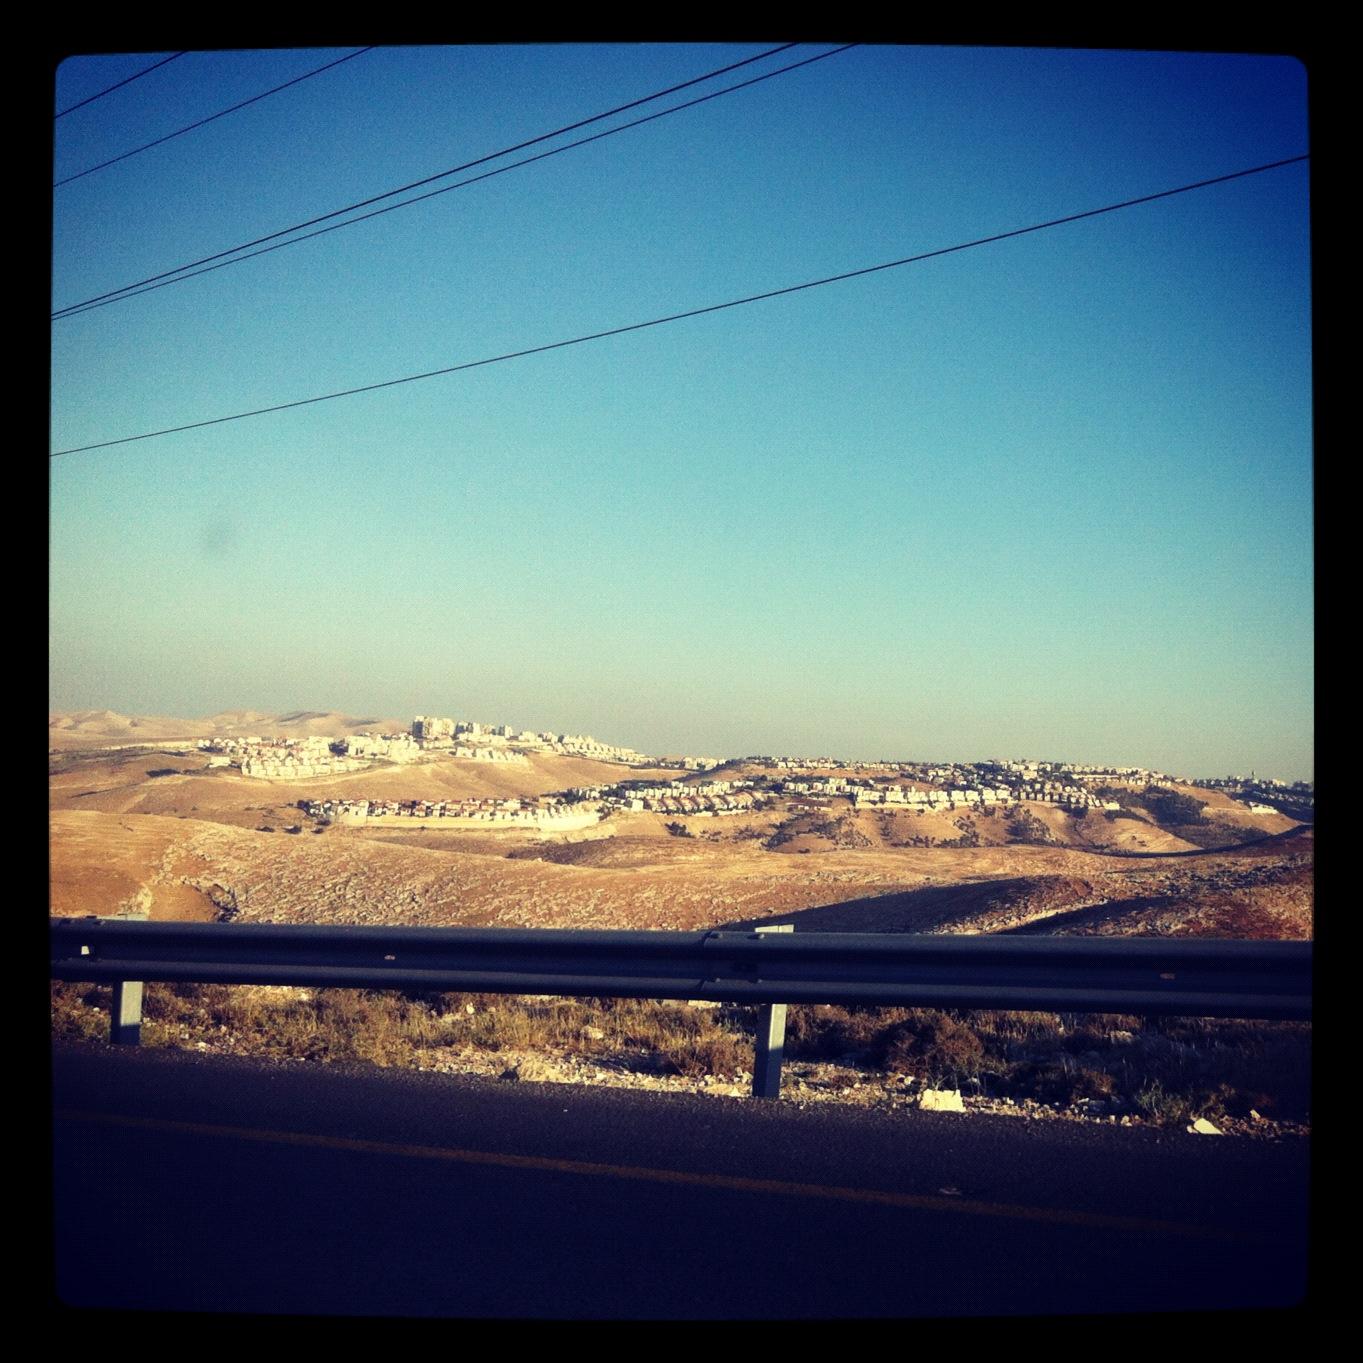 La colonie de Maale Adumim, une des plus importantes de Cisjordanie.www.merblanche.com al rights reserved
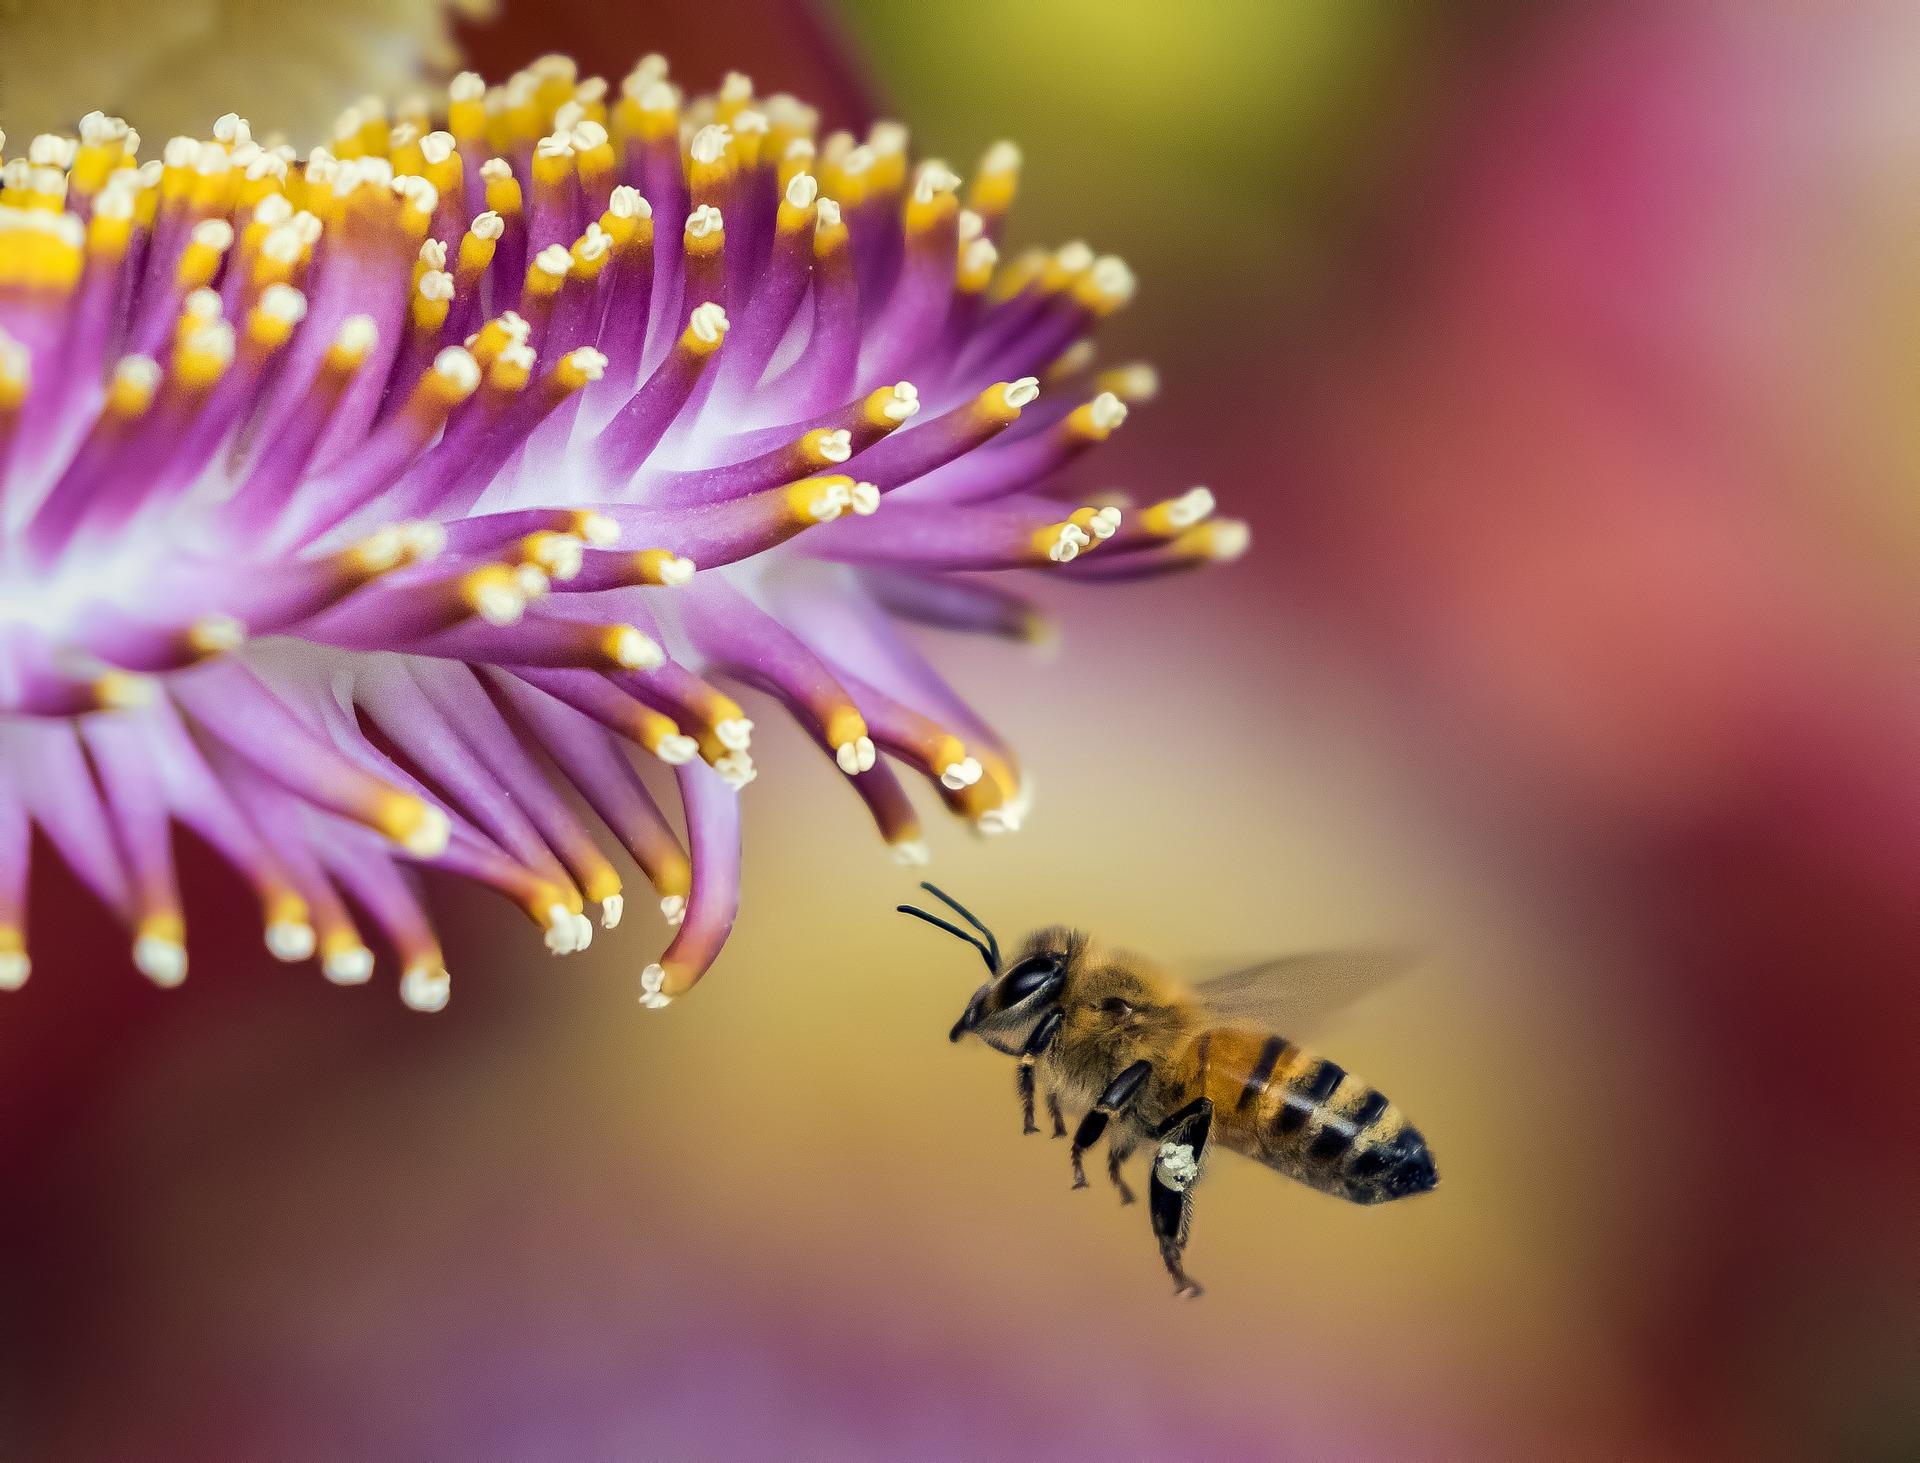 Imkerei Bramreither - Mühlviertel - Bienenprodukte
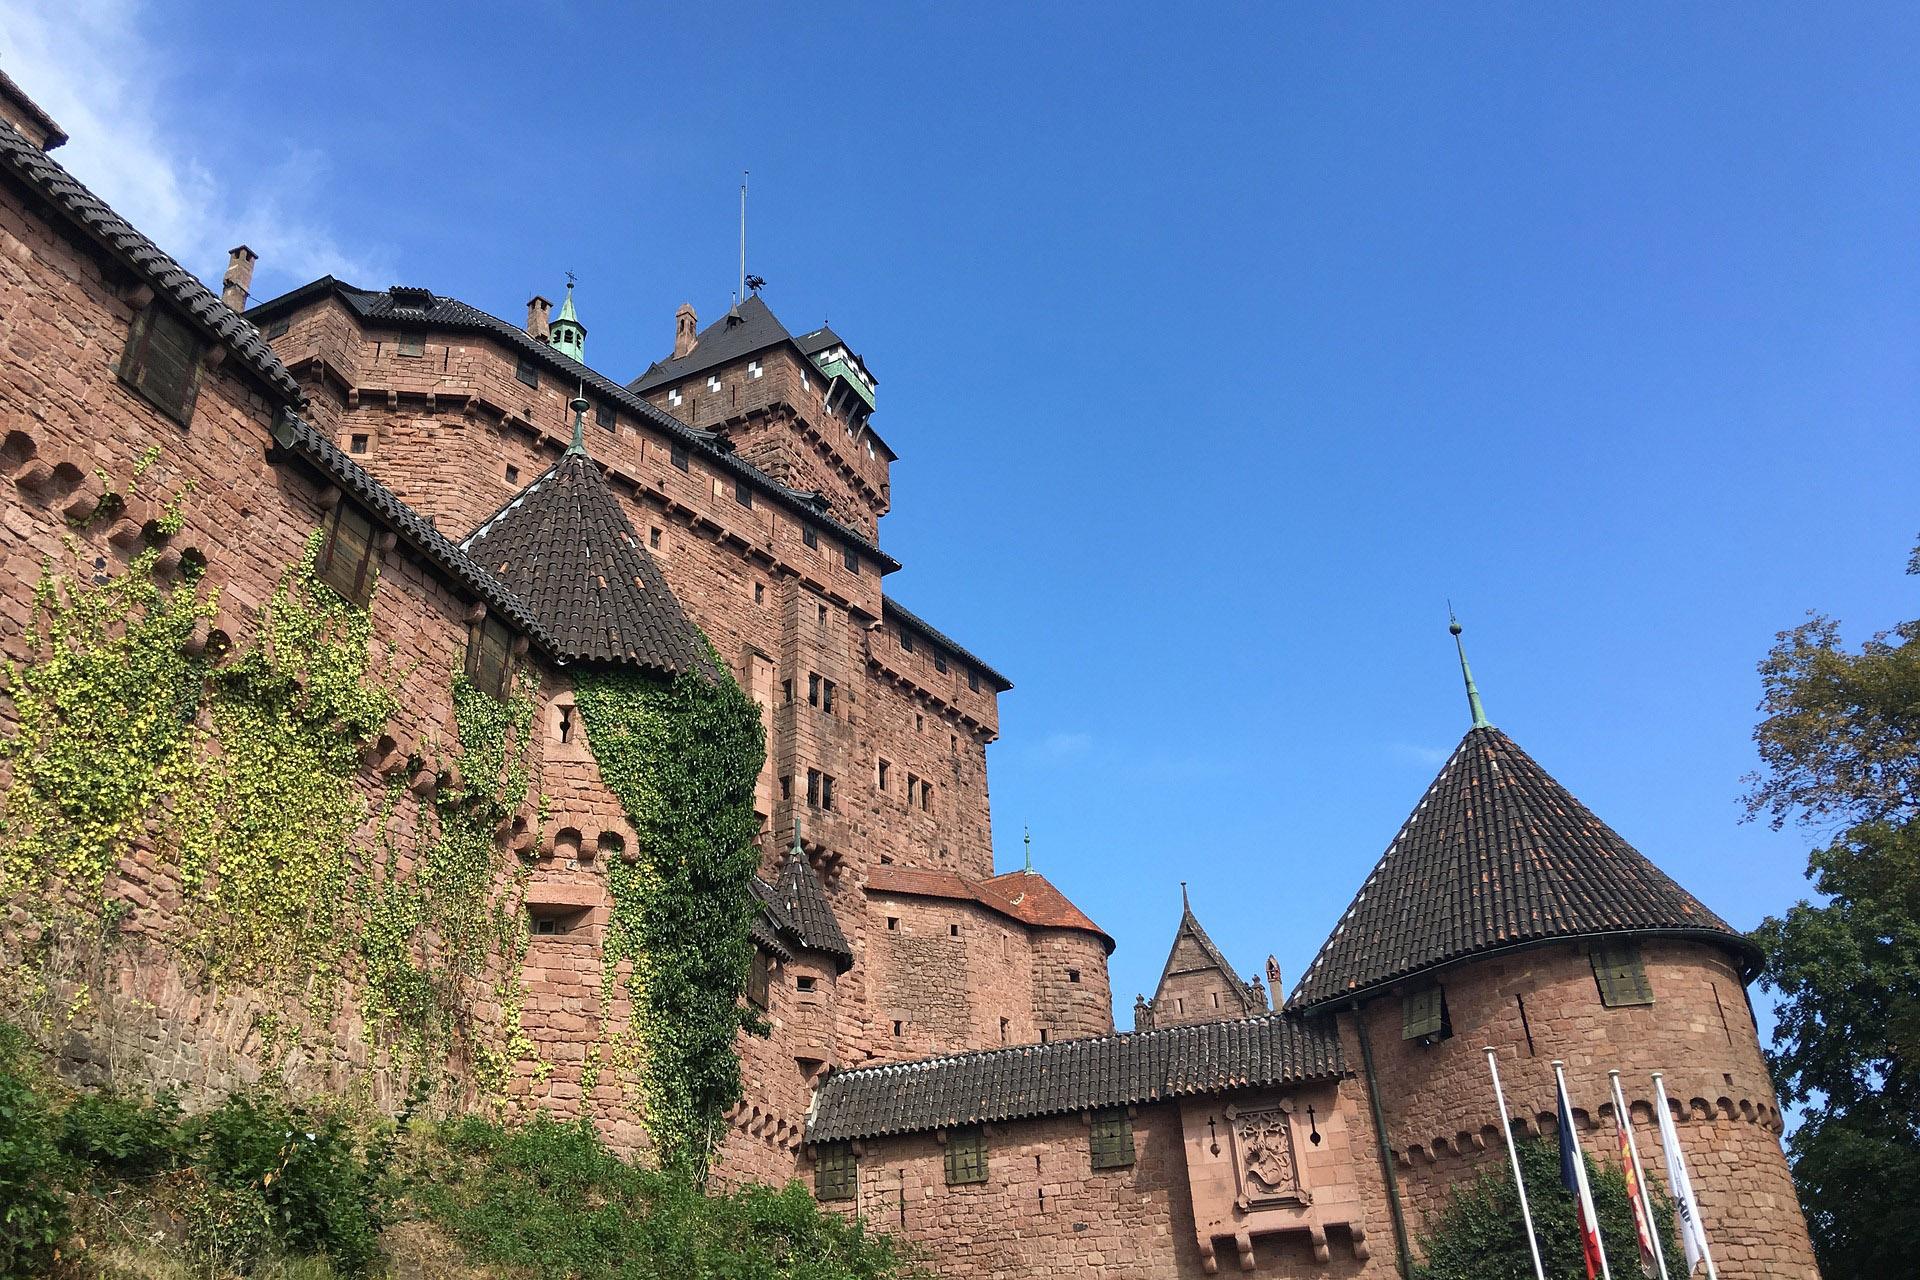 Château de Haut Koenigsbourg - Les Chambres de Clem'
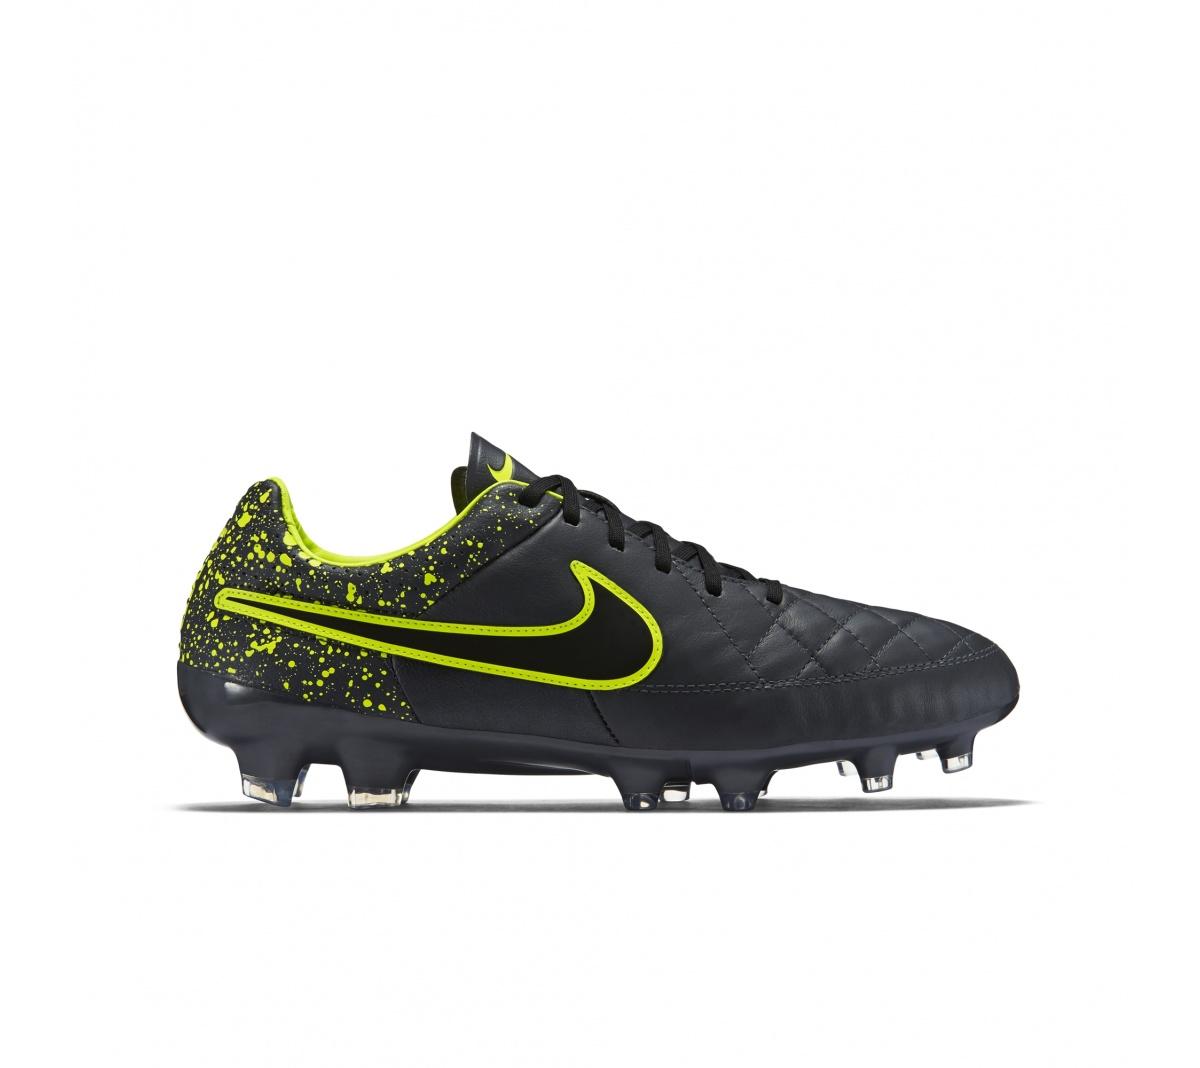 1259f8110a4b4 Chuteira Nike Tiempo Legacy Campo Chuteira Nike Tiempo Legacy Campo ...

● **Task objective**: Every line of the listing should be copied precisely, with images omitted.

● **Expected output**:
 La colonie de Maale Adumim, une des plus importantes de Cisjordanie.www.merblanche.com al rights reserved
 Imkerei Bramreither - Mühlviertel - Bienenprodukte
 Château de Haut Koenigsbourg - Les Chambres de Clem'
 1259f8110a4b4 Chuteira Nike Tiempo Legacy Campo Chuteira Nike Tiempo Legacy Campo ...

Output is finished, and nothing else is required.